The phosphodiester backbone cleavage ΔG barriers are generally between 41 and 42 kcal/mol, but some nucleotides showed intrinsic differences. G4 within the uGAAAg tetraloop revealed the lowest barrier among all the nucleotides (40.0 kcal/mol, Supplemental Fig. S2). The following A5 showed a significantly higher barrier of 43.1 kcal/mol, whereas the ΔG barriers for the remaining nucleotides were comparable (∼41.5 kcal/mol). All the nucleotides within the GC-duplex revealed comparable barriers between 40.9 and 41.5 kcal/mol. Among cUUCGg nucleotides, U5 showed the lowest barriers (40.6 kcal/mol), whereas U4 and C6 provided significantly higher barriers of 44.5 and 43.5 kcal/mol, respectively (Supplemental Figs. S2, S4A).

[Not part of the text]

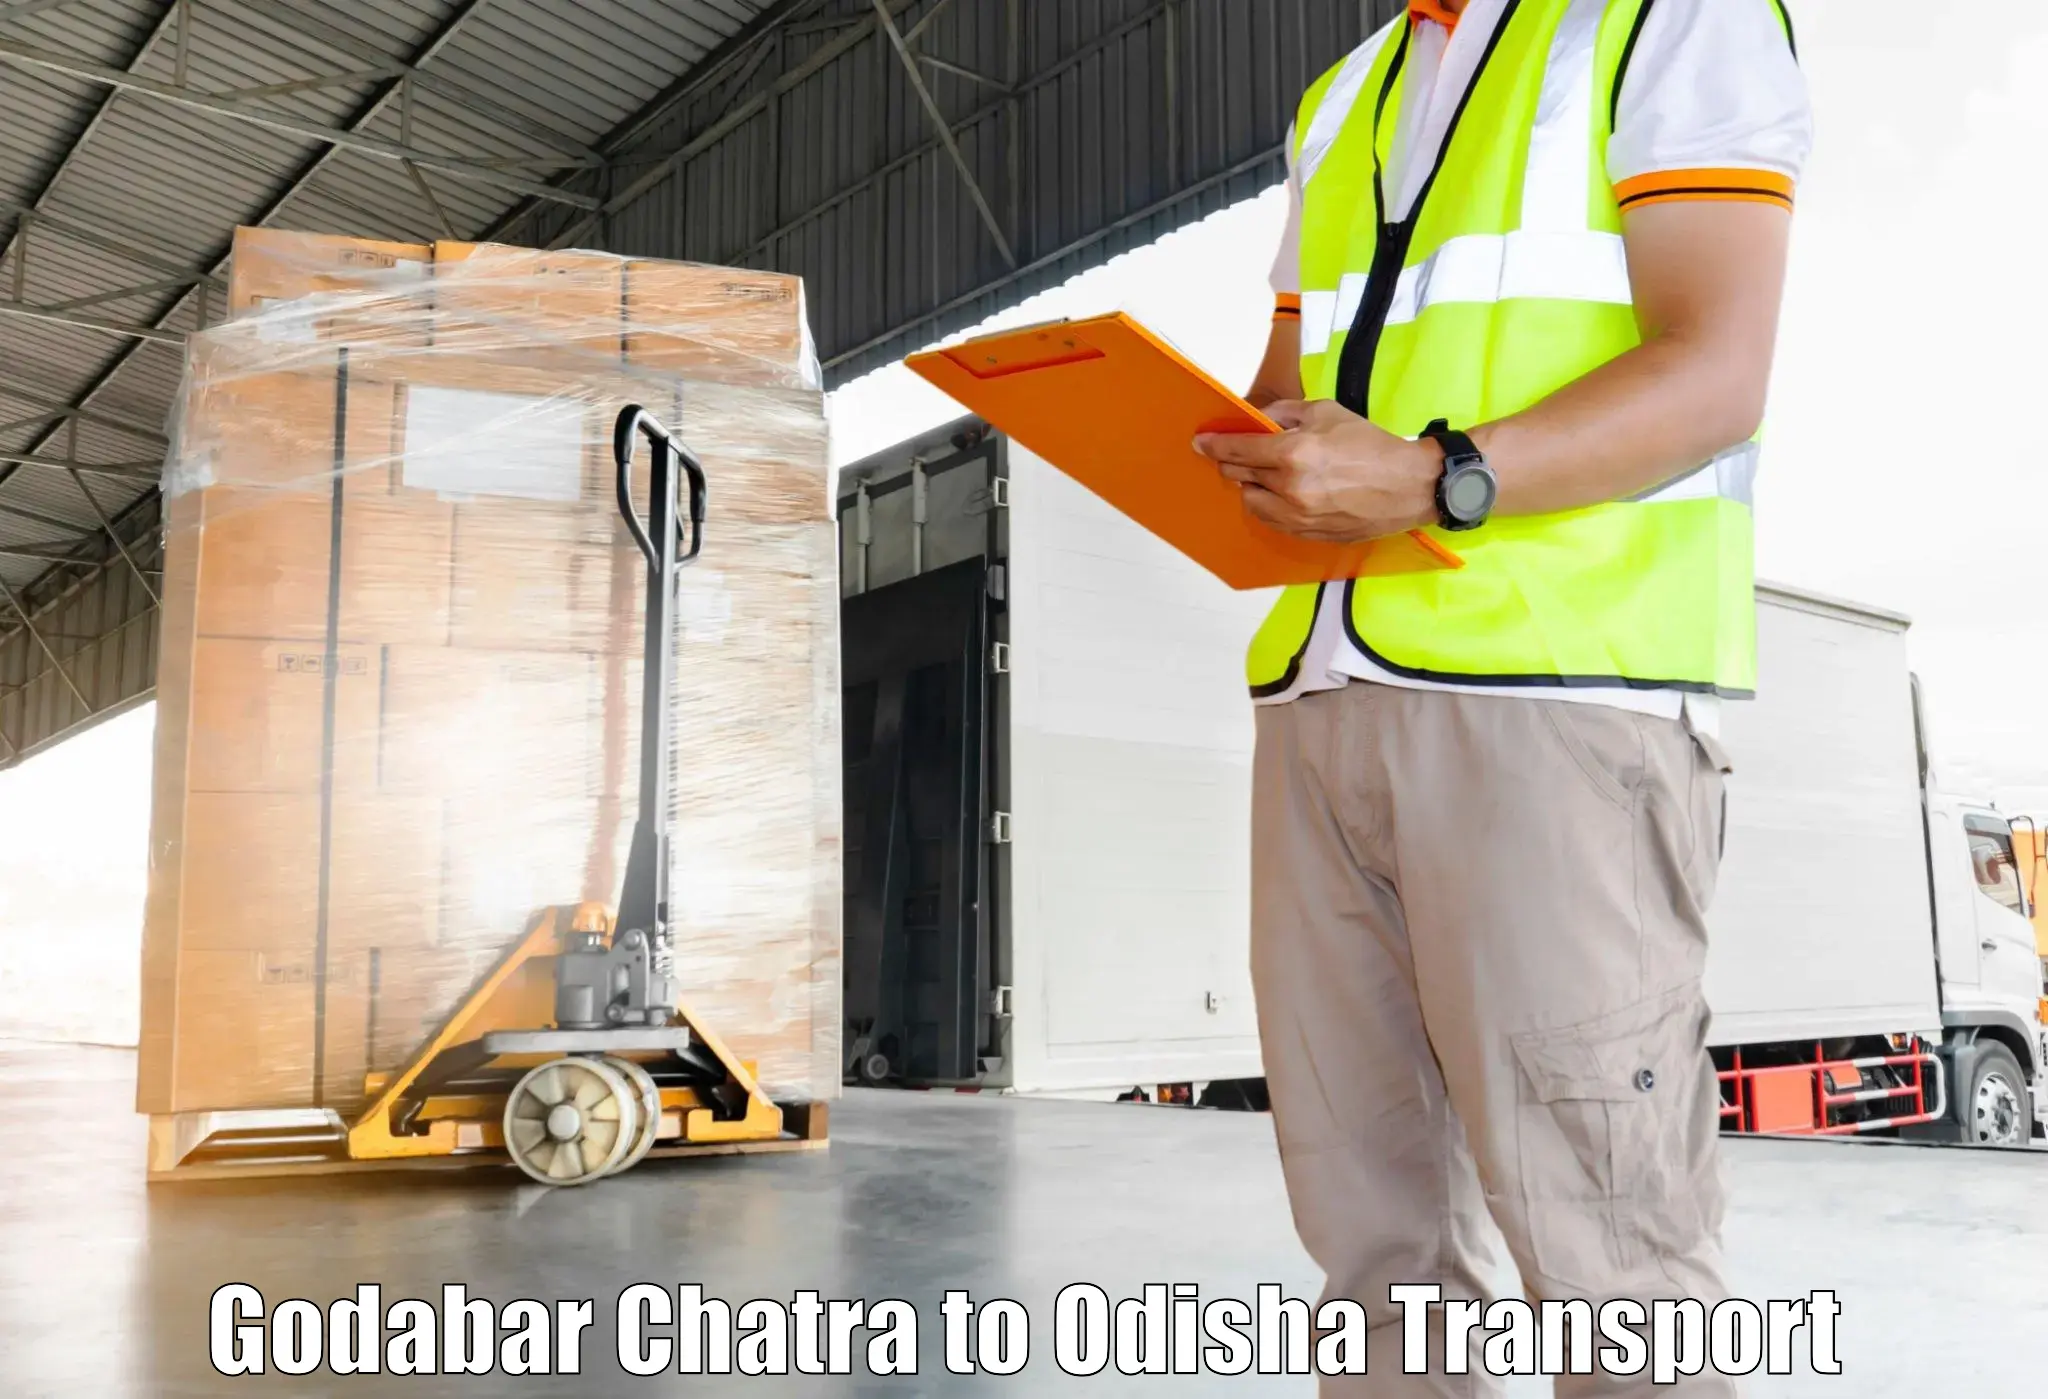 International cargo transportation services in Godabar Chatra to Konark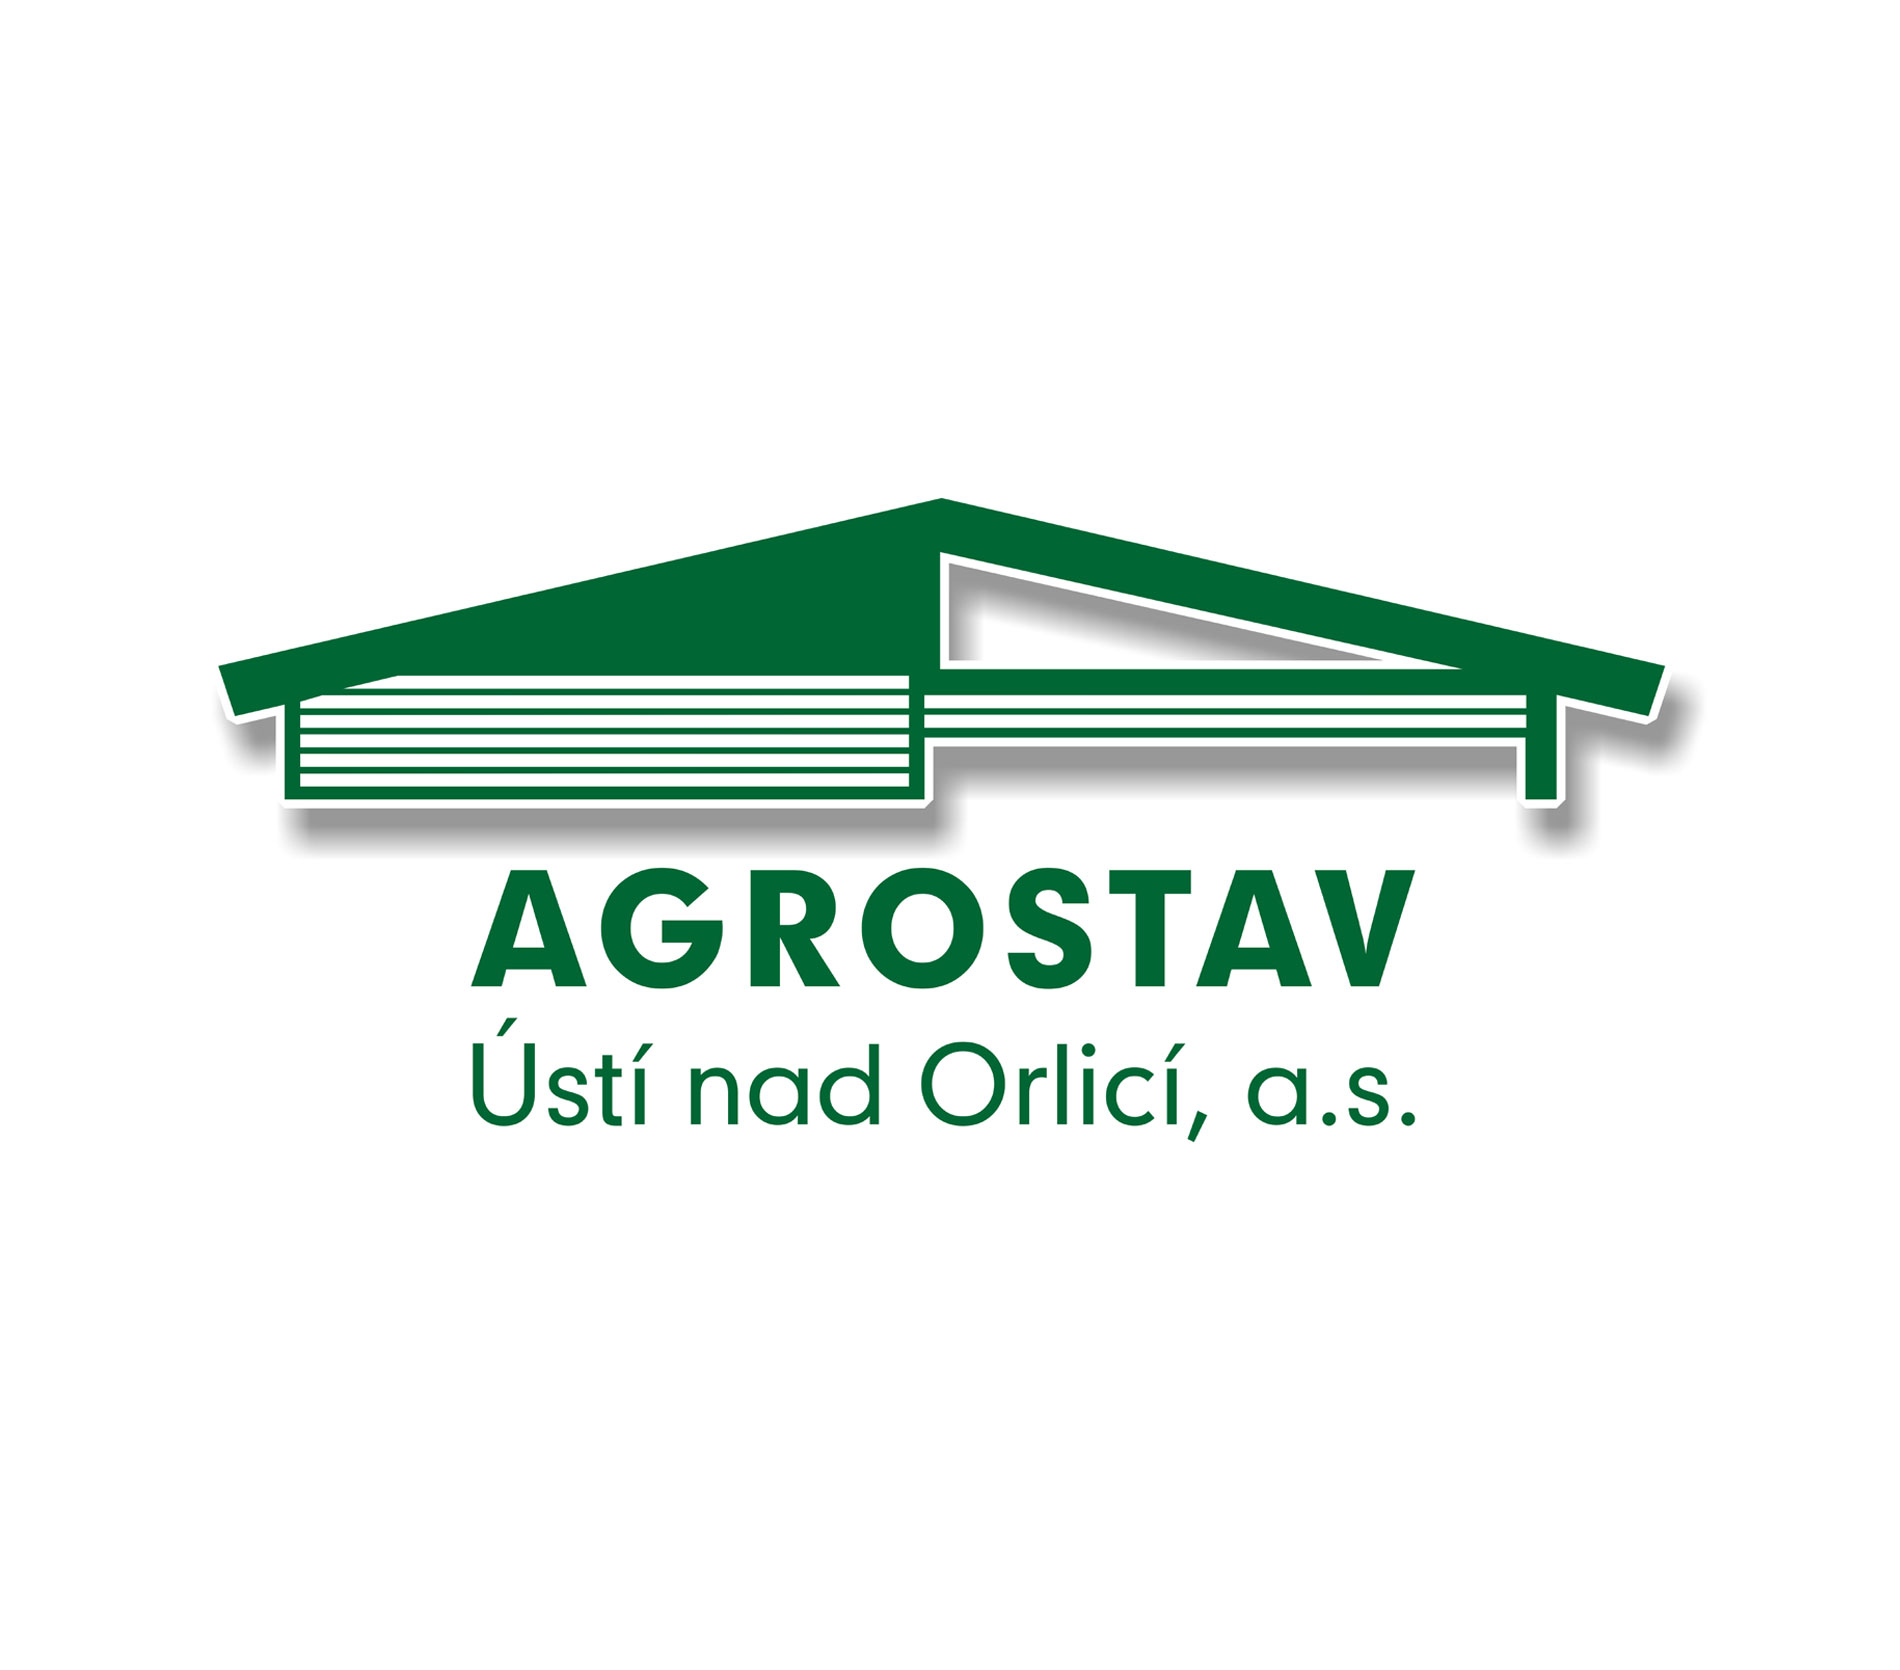 Agrostav - Ústí nad Orlicí

We then compared the computed ΔG barriers against data from the in-line probing measurements. The experimental reactivities (pseudo free energies) were derived from available polyacrylamide gel electrophoresis (PAGE) data sets, quantified and normalized separately according to the scheme described in Materials and Methods. We observed good agreement between computed and experimental reactivities for nucleotides within the uGAAAg tetraloop. Our computations overestimated the ΔG barriers for U3 and A5 nucleotides, but led to the correct trend overall (Fig. 3A). However, a similar comparison for the nucleotides within the cUUCGg tetraloop revealed some differences. U5, C6, and G7 were identified as reactive nucleotides according to the experiment (Strauss et al. 2012), but the computed ΔG barrier for C6 was significantly higher, suggesting that the nucleotide is nonreactive (Fig. 3C). Note that the in-line probing data for a uniform GC-duplex are not available, but that reactivity of paired residues is typically lower than reactivity for unpaired residues (Soukup and Breaker 1999; Kulshina et al. 2009; Erion and Strobel 2011; Strauss et al. 2012; Nelson et al. 2013; Hickey and Hammond 2014; Furukawa et al. 2015).

FIGURE 3.

FIGURE 3.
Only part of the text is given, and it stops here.